» **STORED DATA**:
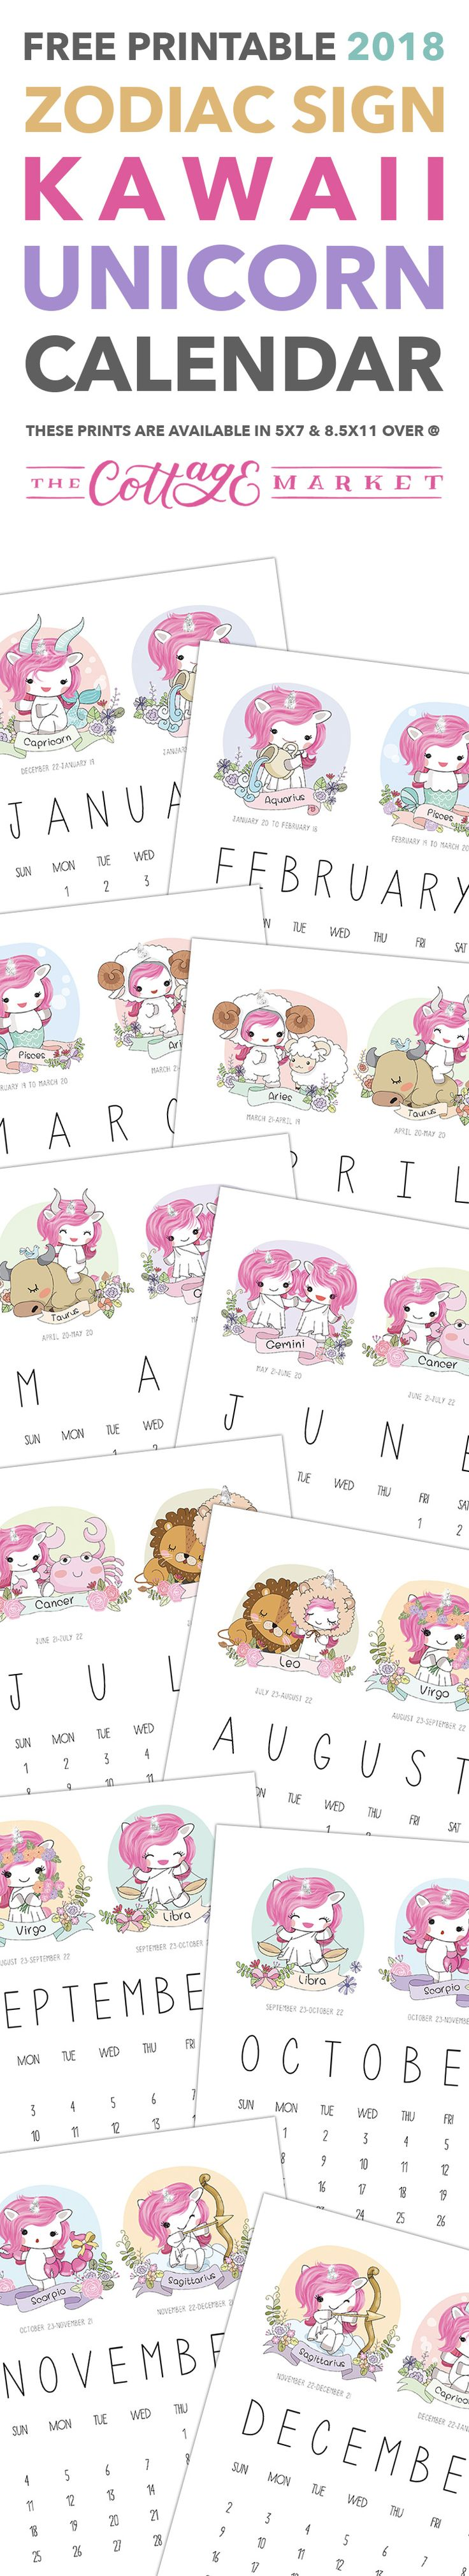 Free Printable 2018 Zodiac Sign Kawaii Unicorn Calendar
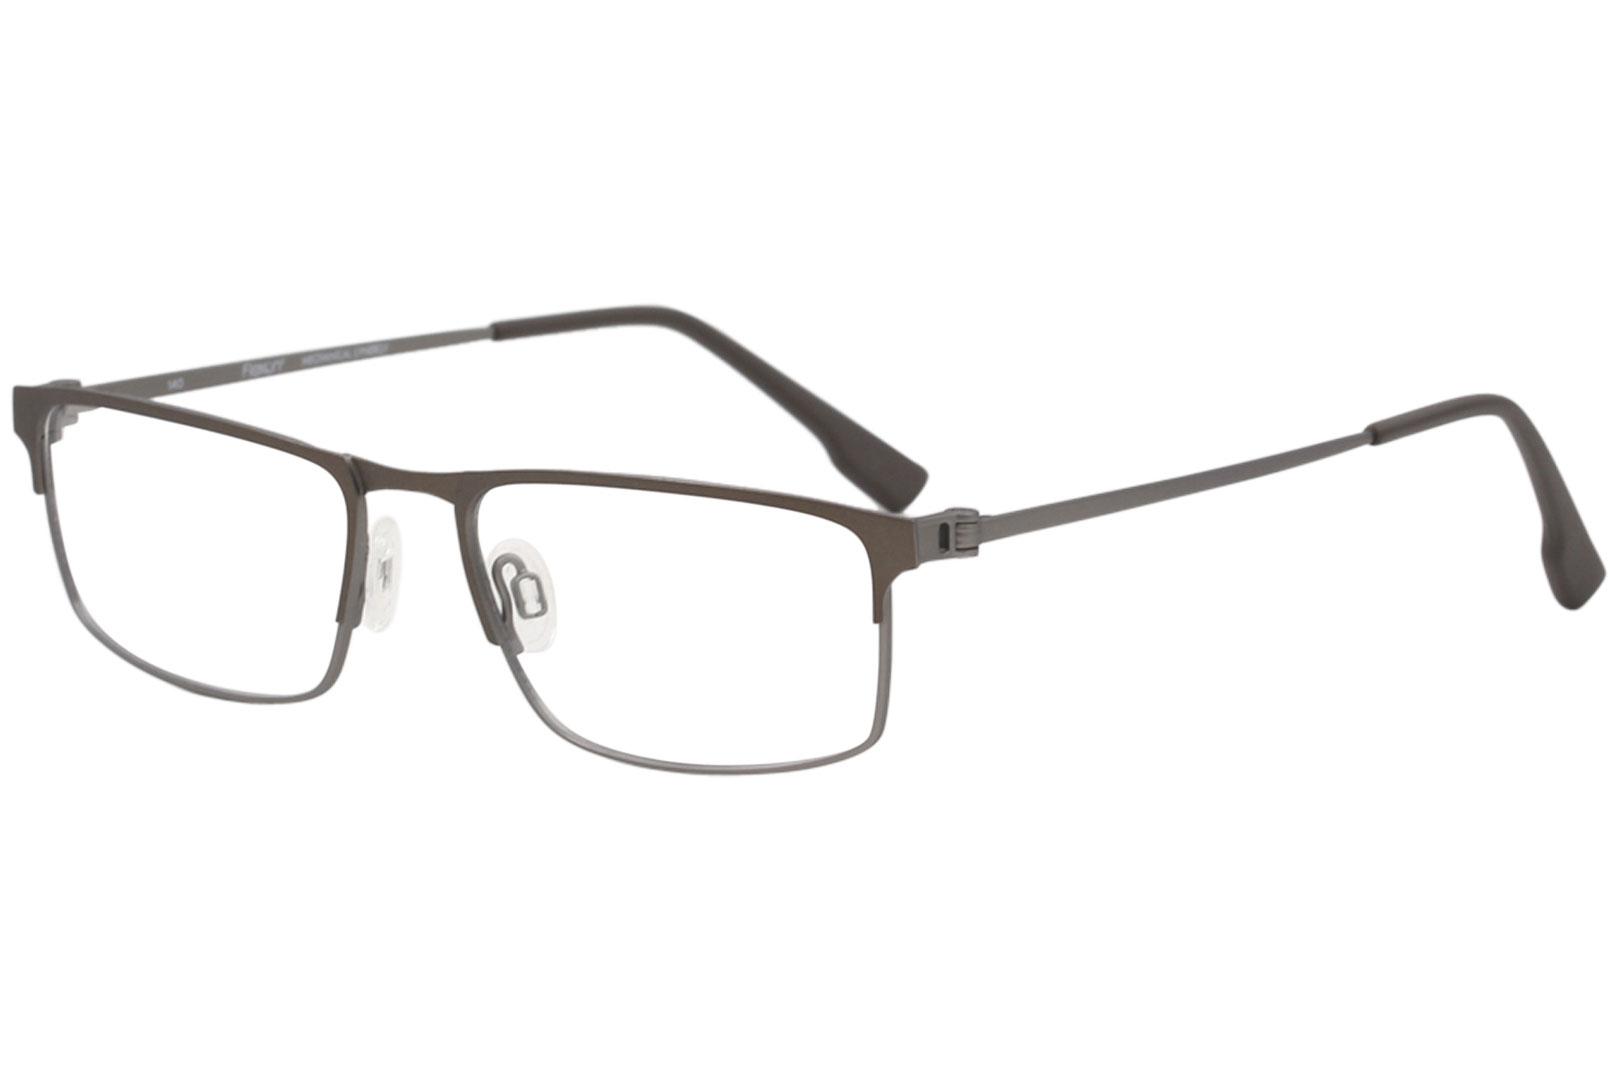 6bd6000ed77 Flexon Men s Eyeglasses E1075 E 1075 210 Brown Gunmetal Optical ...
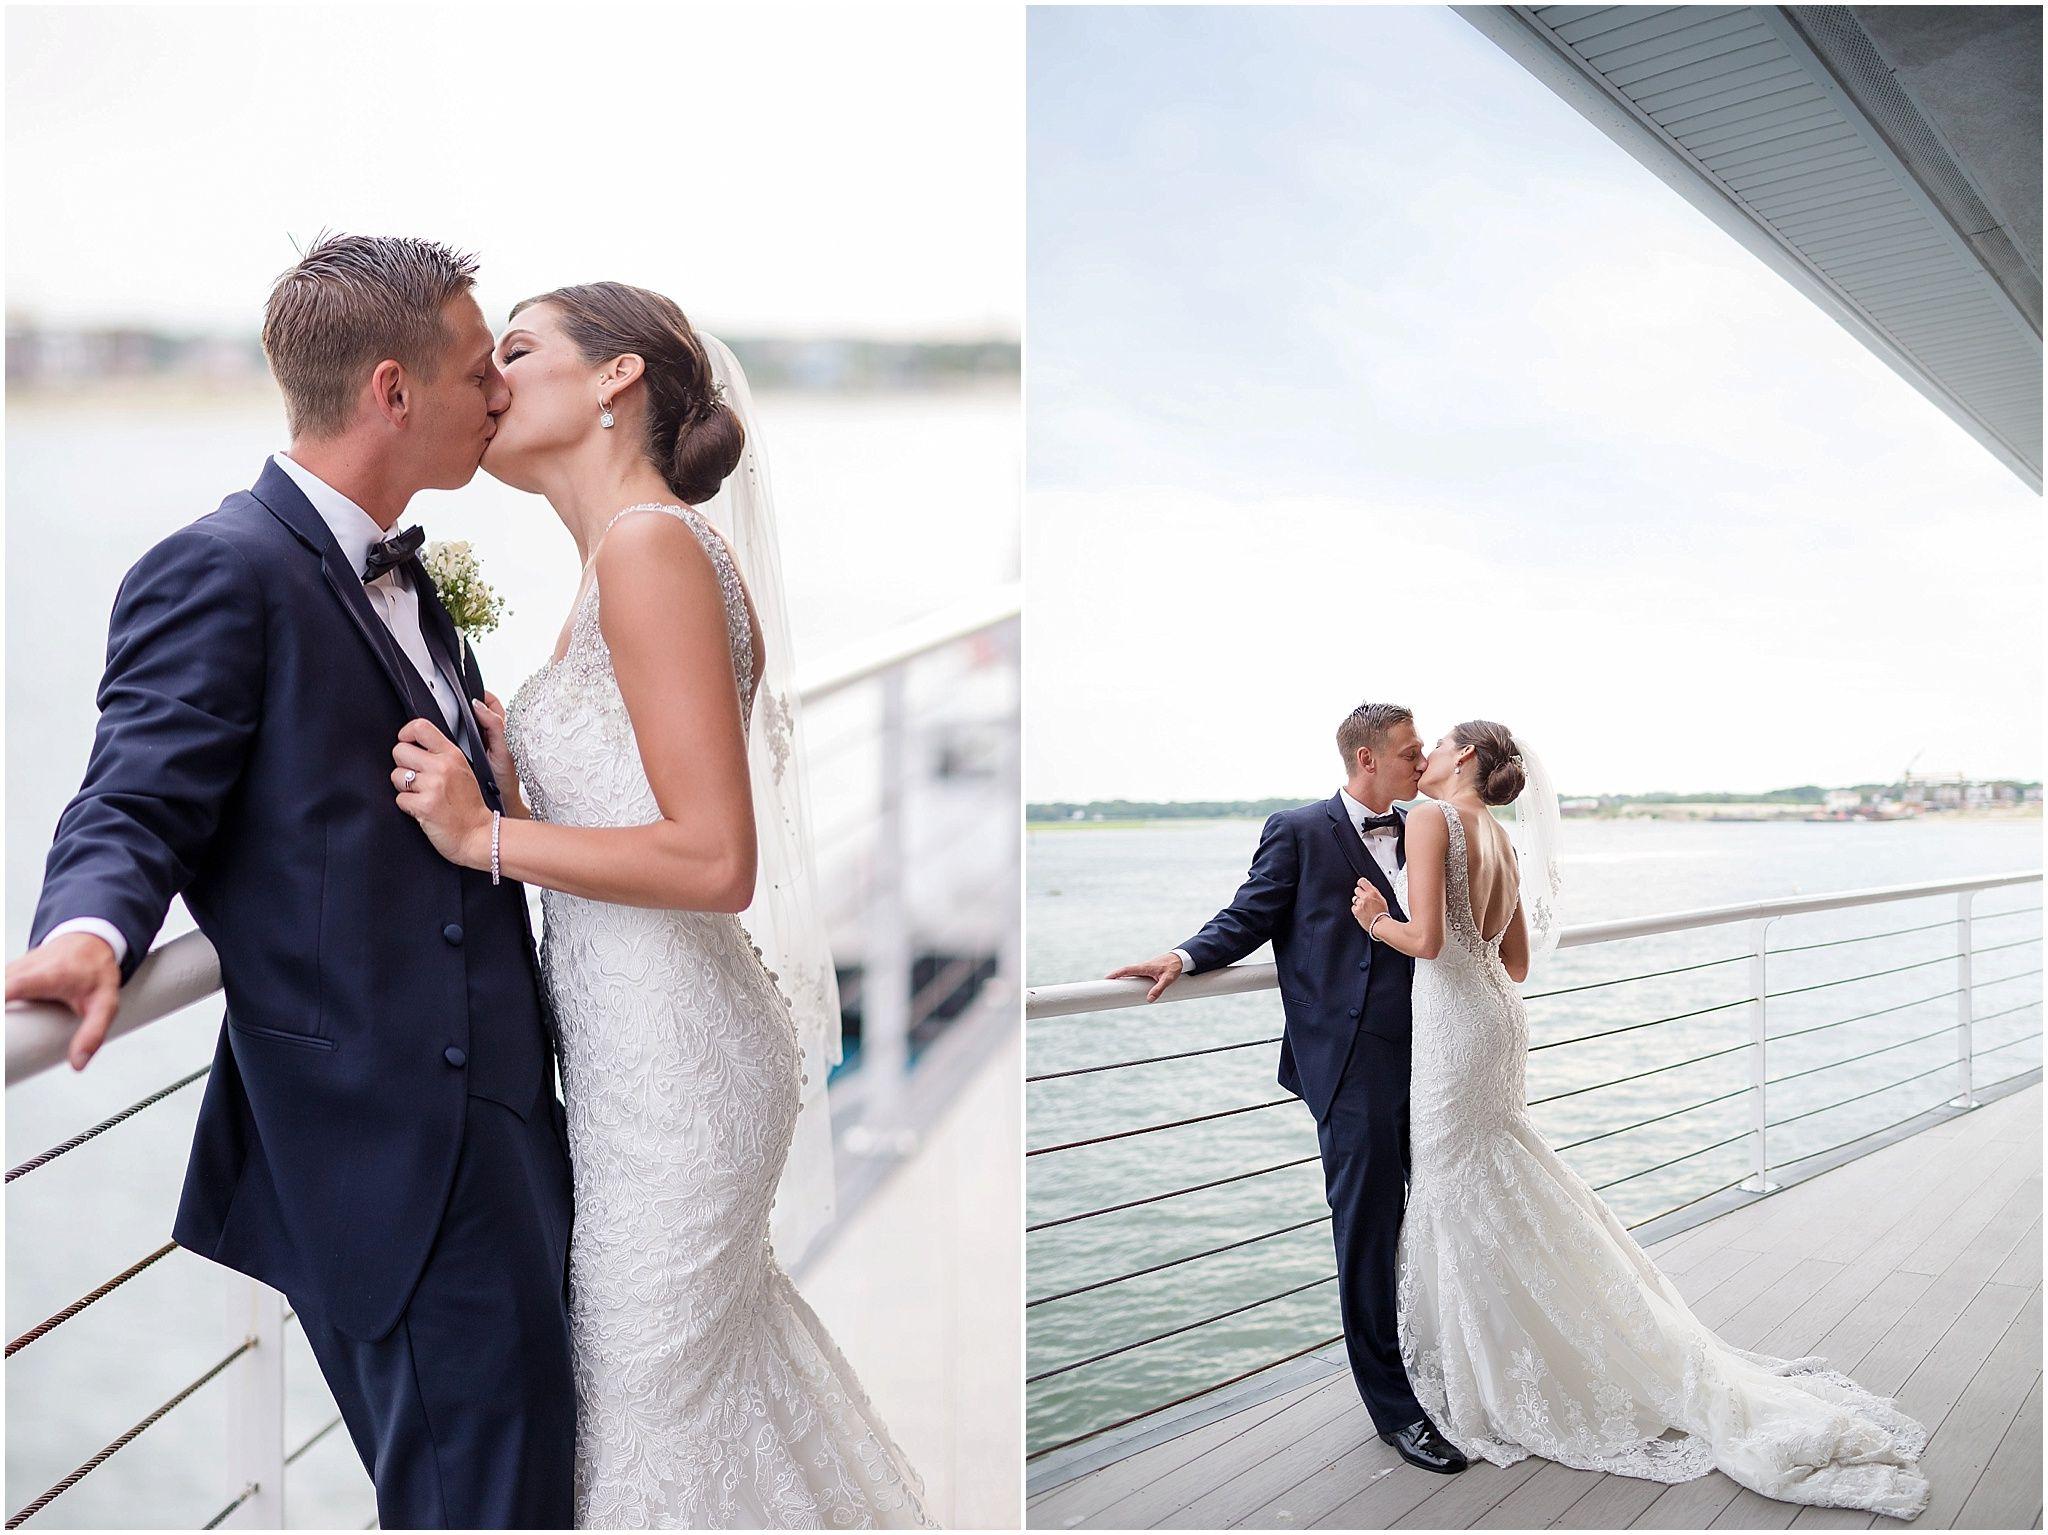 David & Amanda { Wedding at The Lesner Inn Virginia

» **WORK ITEM**: Reproduce word for word the lines from the line holding "6bd6000ed77 Flexon Men" through the last line of the material above, inclusive, and keep pictures out of it.

» **PROBLEM SOLUTION**:
 6bd6000ed77 Flexon Men s Eyeglasses E1075 E 1075 210 Brown Gunmetal Optical ...
 David & Amanda { Wedding at The Lesner Inn Virginia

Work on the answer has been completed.